Industrial Control Systems (ICS) generally encompass several types of control systems, including supervisory control and data acquisition (SCADA) systems, distributed control systems (DCS), and other control system configurations such as Programmable Logic Controllers (PLC) often found in the industrial sectors and critical infrastructures. ICS are typically used in industries such as electrical distribution, water treatment plants, oil and natural gas pipelines, chemical, transportation, pharmaceutical, food and beverage processing, and discrete manufacturing such as automotive, aerospace, and durable goods. These control systems are critical to the operation of any country's critical infrastructures that are often highly interconnected and mutually dependent systems.

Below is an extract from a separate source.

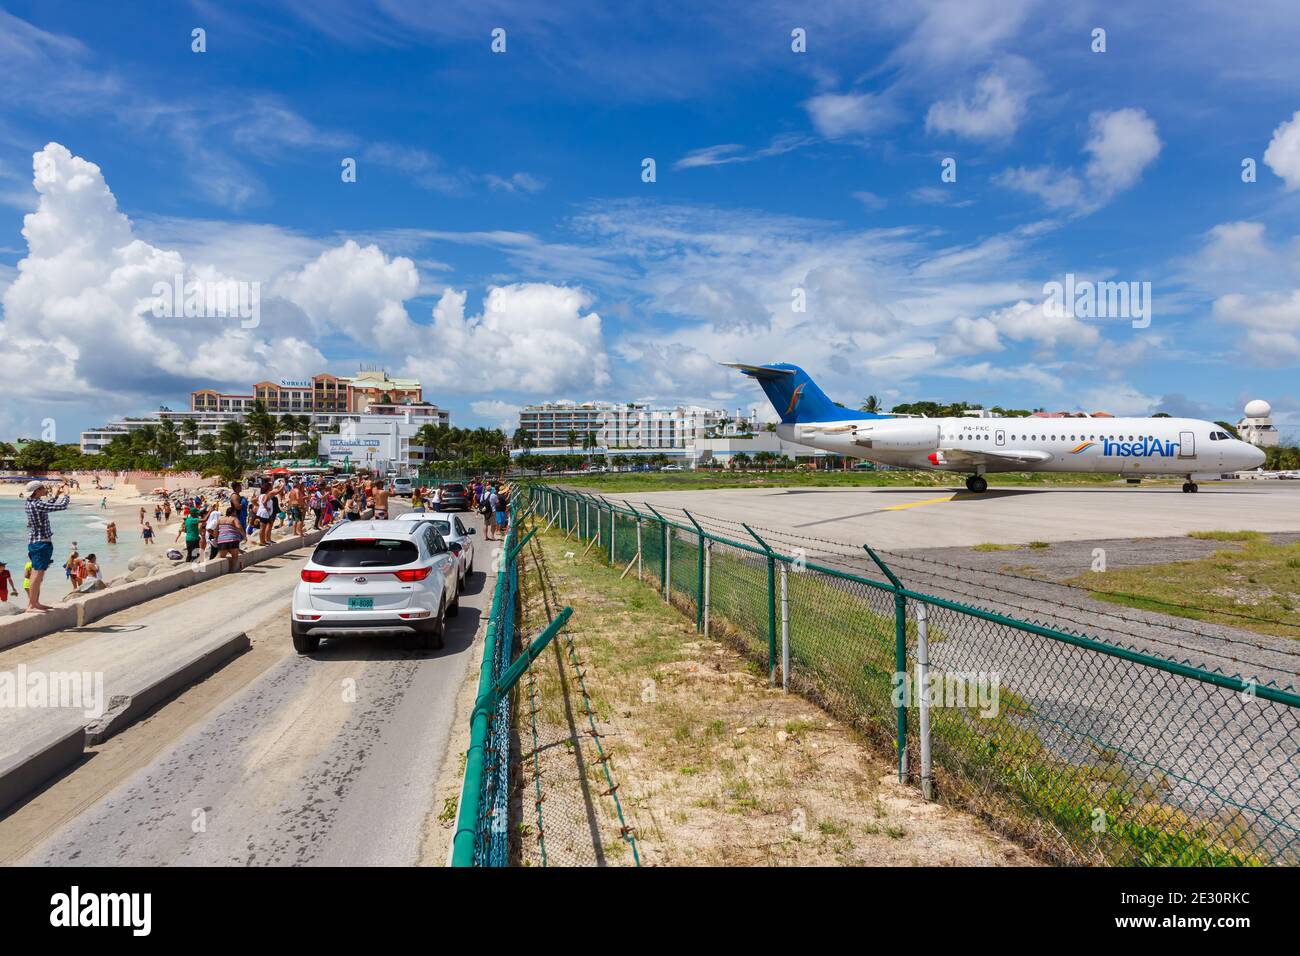 Sint Maarten, Netherlands Antilles - September 17, 2016: Insel Air Fokker 70 airplane at Sint Maarten Airport (SXM) in the Caribbean. Stock Photo

Supervisory Control And Data Acquisition
SCADA systems are highly distributed systems used to control geographically dispersed assets, often scattered over thousands of square kilometers, where centralized data acquisition and control are critical to system operation. They are used in distribution systems such as water distribution and wastewater collection systems, oil and natural gas pipelines, electrical power grids, and railway transportation systems. A SCADA control center performs centralized monitoring and control for field sites over long-distance communications networks, including monitoring alarms and processing status data. Based on information received from remote stations, automated or operator-driven supervisory commands can be pushed to remote station control devices, which are often referred to as field devices. Field devices control local operations such as opening and closing valves and breakers, collecting data from sensor systems, and monitoring the local environment for alarm conditions.
Distributed Control Systems
DCS are used to control industrial processes such as electric power generation, oil refineries, water and wastewater treatment, and chemical, food, and automotive production. DCS are integrated as a control architecture containing a supervisory level of control overseeing multiple, integrated sub-systems that are responsible for controlling the details of a localized process. Product and process control are usually achieved by deploying feed back or feed forward control loops whereby key product and/or process conditions are automatically maintained around a desired set point. To accomplish the desired product and/or process tolerance around a specified set point, specific PLCs are employed in the field and proportional, integral, and/or derivative settings on the PLC are tuned to provide the desired tolerance as well as the rate of self-correction during process upsets. DCS are used extensively in process-based industries.
Programmable Logic Controllers
PLCs are computer-based solid-state devices that control industrial equipment and processes. While PLCs are control system components used throughout SCADA and DCS systems, they are often the primary components in smaller control system configurations used to provide operational control of discrete processes such as automobile assembly lines and power plant soot blower controls. PLCs are used extensively in almost all industrial processes.
Why Cyber Security Assessments of ICS is Important?
Industrial Control Systems (ICS) were originally built as stand-alone systems that were not interconnected and had little in the way of security protections. With the advent of the internet the design of many ICS have changed such that the control network is now often connected as an extension of the corporate IT network. This means that these ICSs are potentially reachable from the internet by malicious and skilled adversaries. In addition, new vulnerabilities often are discovered in the current operating systems and third-party software that make up today’s ICSs. The implications of these vulnerabilities to the ICS domain may not be obvious, but could be exposed by a cyber security assessment.
Threats to control systems can come from numerous sources, including adversarial sources such as hostile governments, terrorist groups, industrial spies, disgruntled employees, malicious intruders, and natural sources such as from system complexities, human errors and accidents, equipment failures and natural disasters.
We provide ICS owners and operators with cyber security assessment services so they can find out whether their system is vulnerable to a cyber attack. The assessment identifies and seeks to mitigate vulnerabilities that would allow an attacker to disrupt or take control of the system.
Our assessment methodologies include:
End-to-end penetration assessments
An end-to-end penetration assessment is one in which the goal of the effort is to gain an understanding of how far an attacker could reach.
Component testing is testing pieces of an ICS separately from the rest of the system. These tests usually work with the target component isolated (disconnected) from the rest of the ICS. An example of a component test is a PLC, RTU, HMI application or database that plays a significant role in the ICS.
Technical documentation review
A technical documentation review examines an ICS by looking over documents such as system inventory, architecture diagrams, process diagrams, procedures and process documents. A technical document review can be an effective tool if the goals for the task are to prepare for a cyber security assessment or to improve the process.
Functionality and configuration review
This is examining the ICS by validating the functionality and checking the configuration of the system in an effort to understand the ICS’s unique requirements and characteristics. This activity could identify areas where the process could be optimised. This is the only way to assess and secure the production system components and network.
The goal of these interviews would be to gain further understanding and insight into the processes and procedures of the ICS. Interviewing key staff should be part of a production assessment and the documentation and configuration review processes.
Risk analysis is used to determine whether an asset is protected and to what level. A cyber security risk assessment is a mathematical way to estimate the likelihood that a system can be attacked using cyber means.